**Exercise**:
The lines to copy run from the one containing "StorageBud 20 inch" to the end of the listing. Please write them out exactly, minus the pictures.

**Exercise data**:

=== Begin Enclosure ===

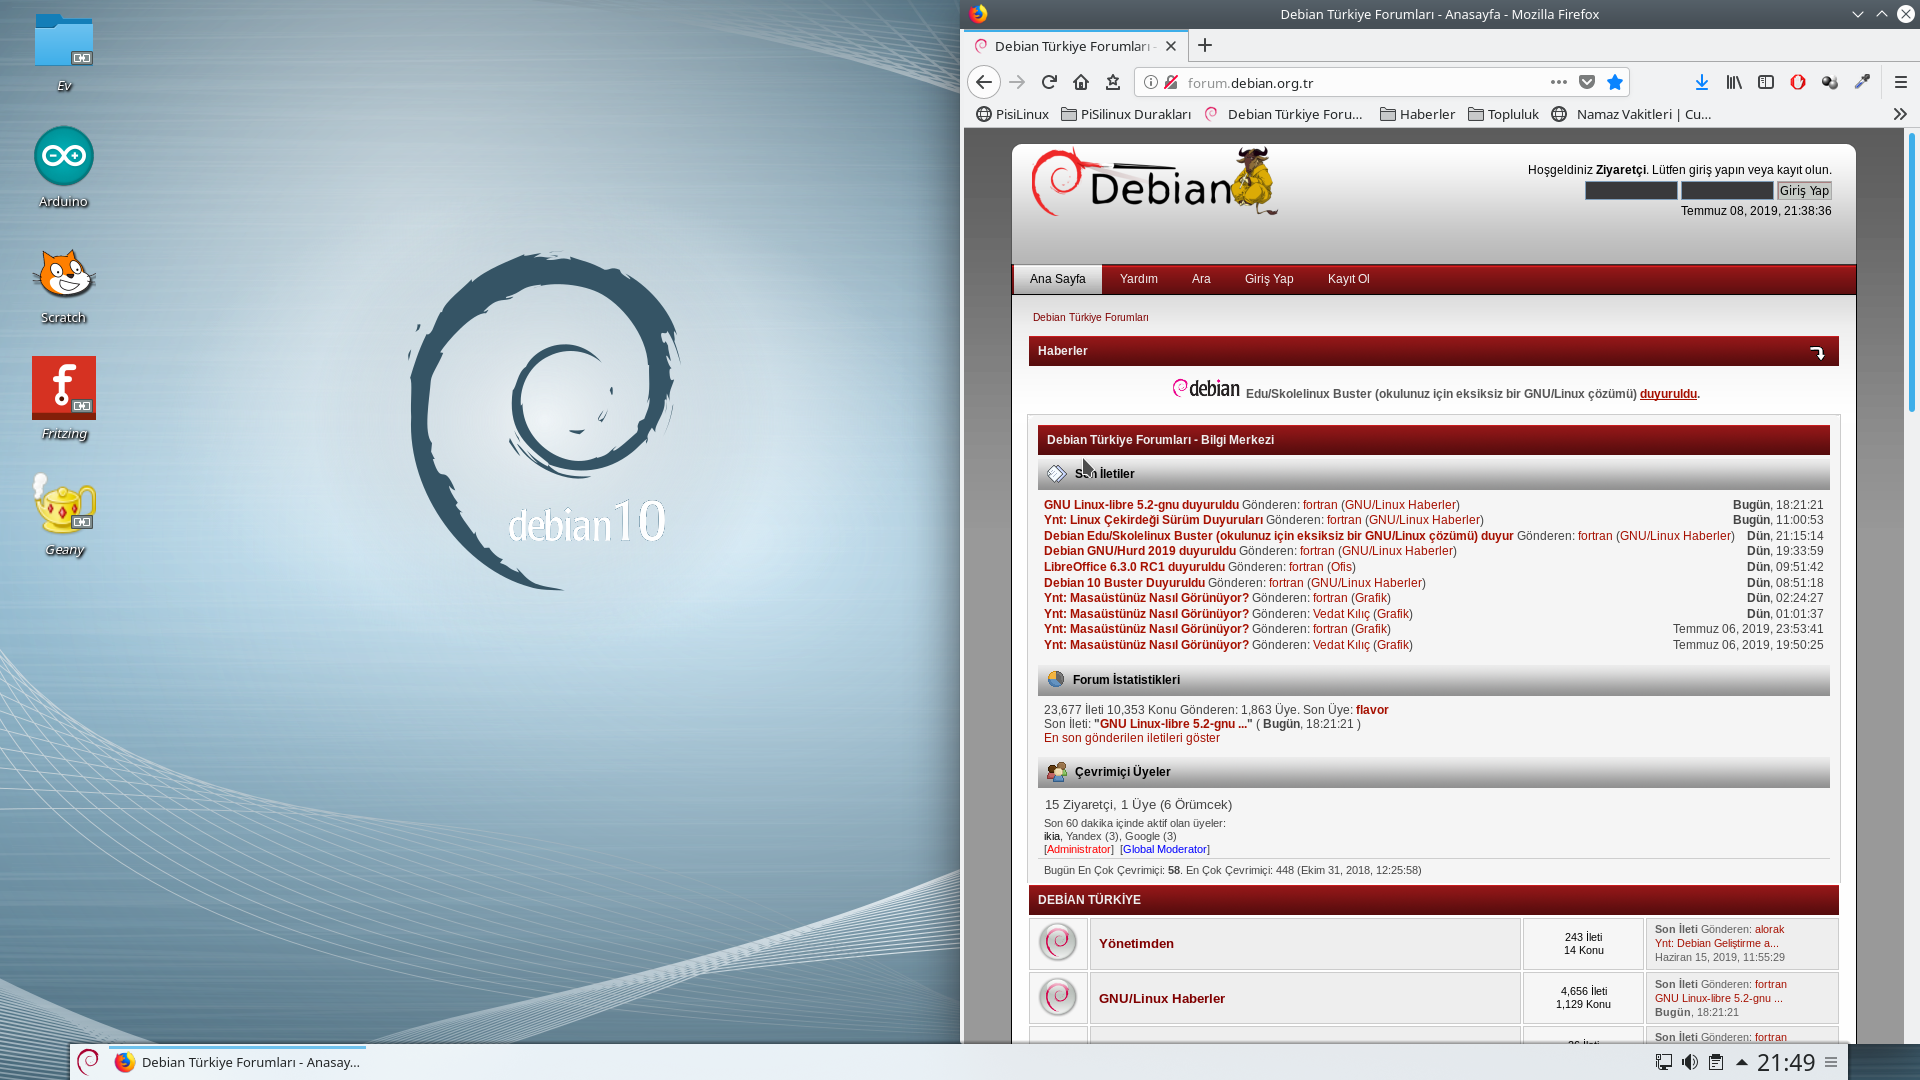 Debian mirror
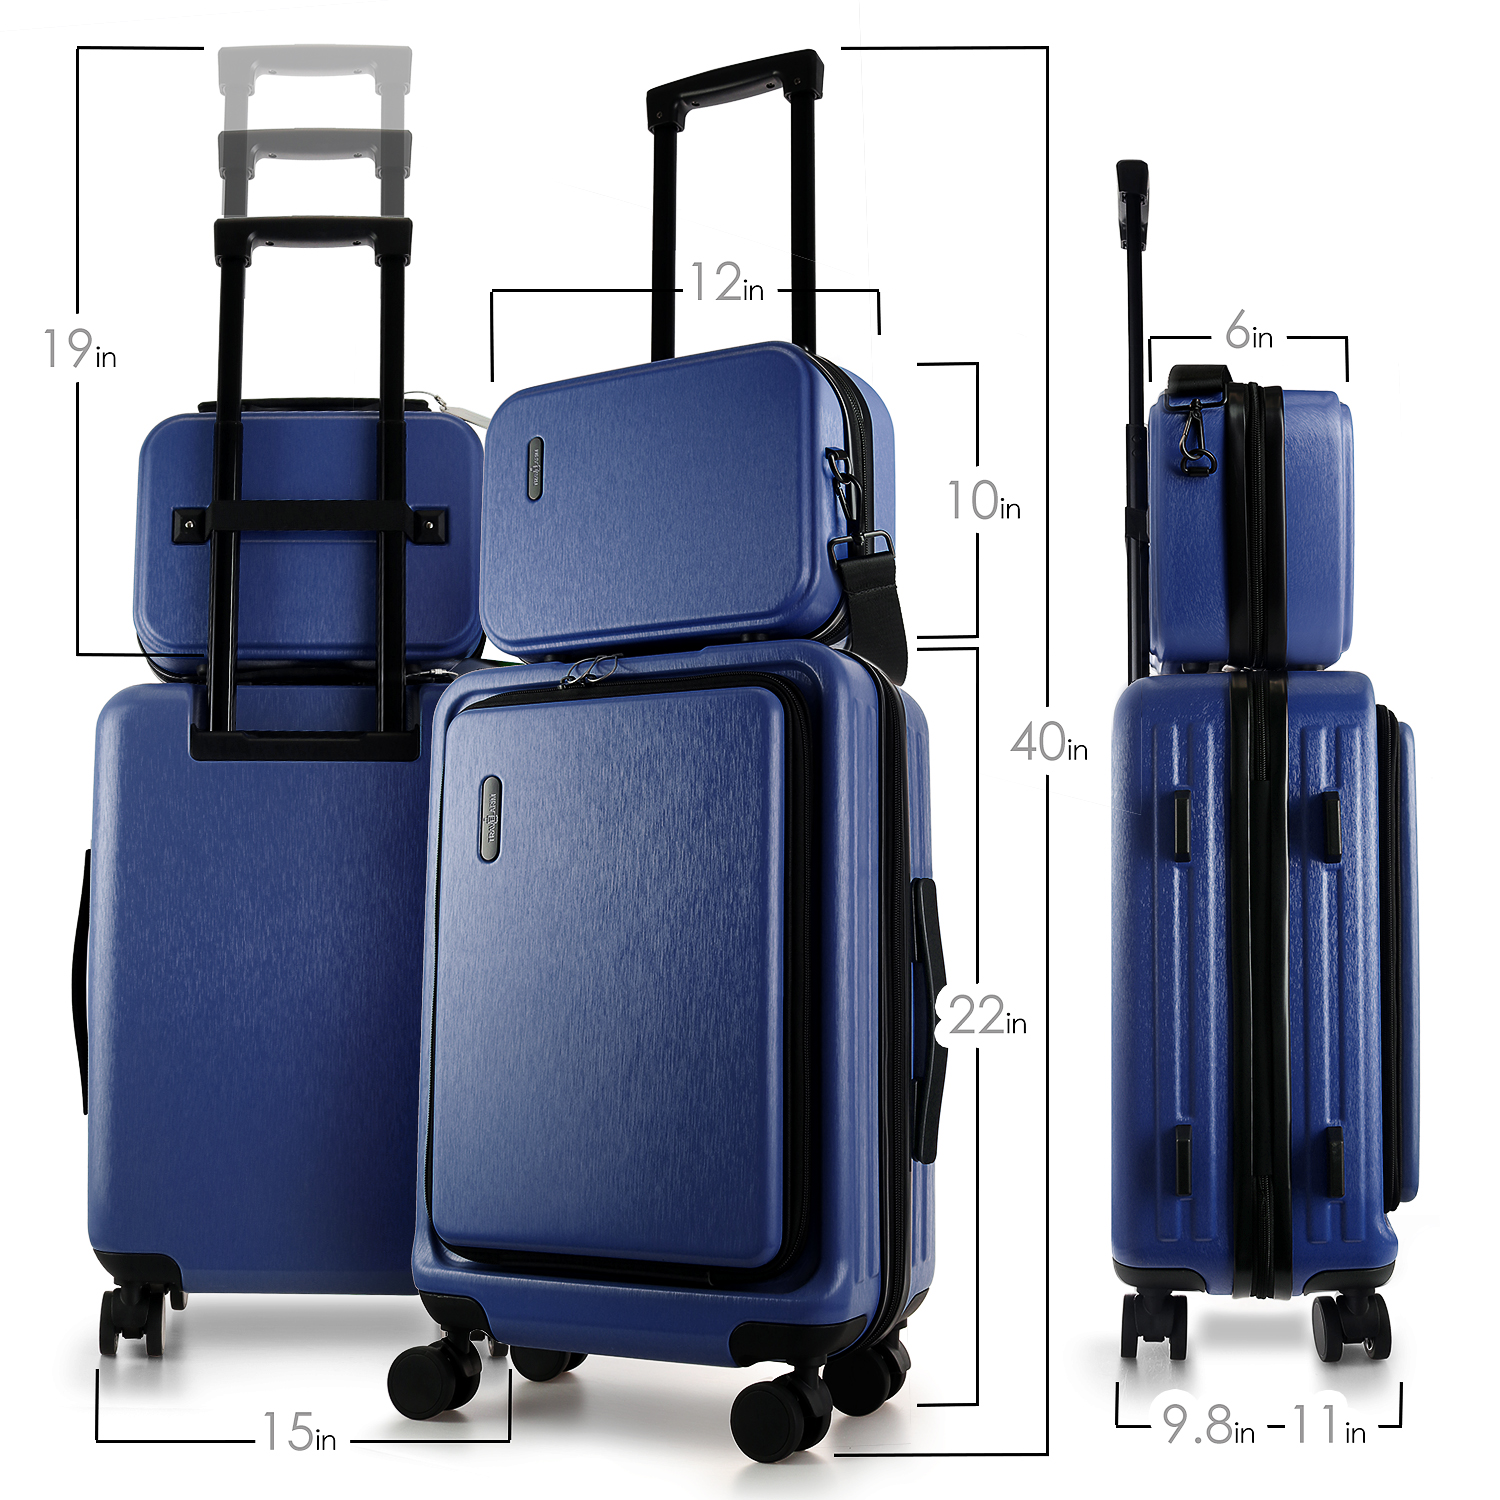 StorageBud 20 inch Hardside Carry-On Expandable Luggage, Front Pocket Luggage Set Spinner Suitcase Set, Navy Blue - image 4 of 10
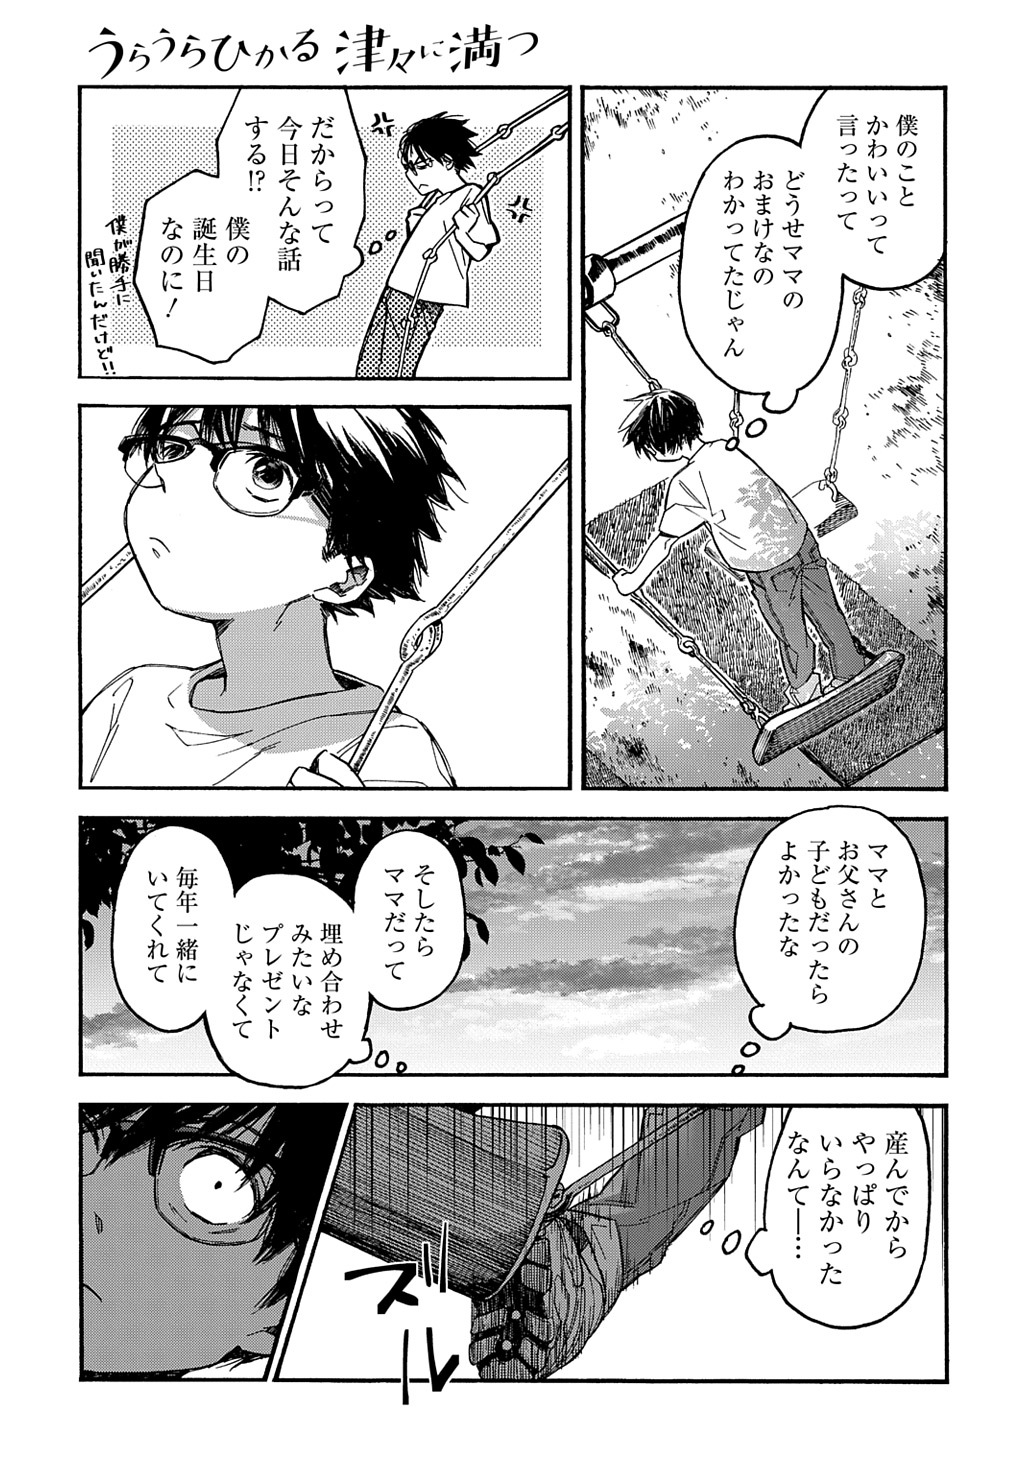 Uraura Hikaru: Shinshin ni Mitsu - Chapter 10 - Page 17

=== End Enclosure ===

**Your solution**:
 StorageBud 20 inch Hardside Carry-On Expandable Luggage, Front Pocket Luggage Set Spinner Suitcase Set, Navy Blue - image 4 of 10
 Uraura Hikaru: Shinshin ni Mitsu - Chapter 10 - Page 17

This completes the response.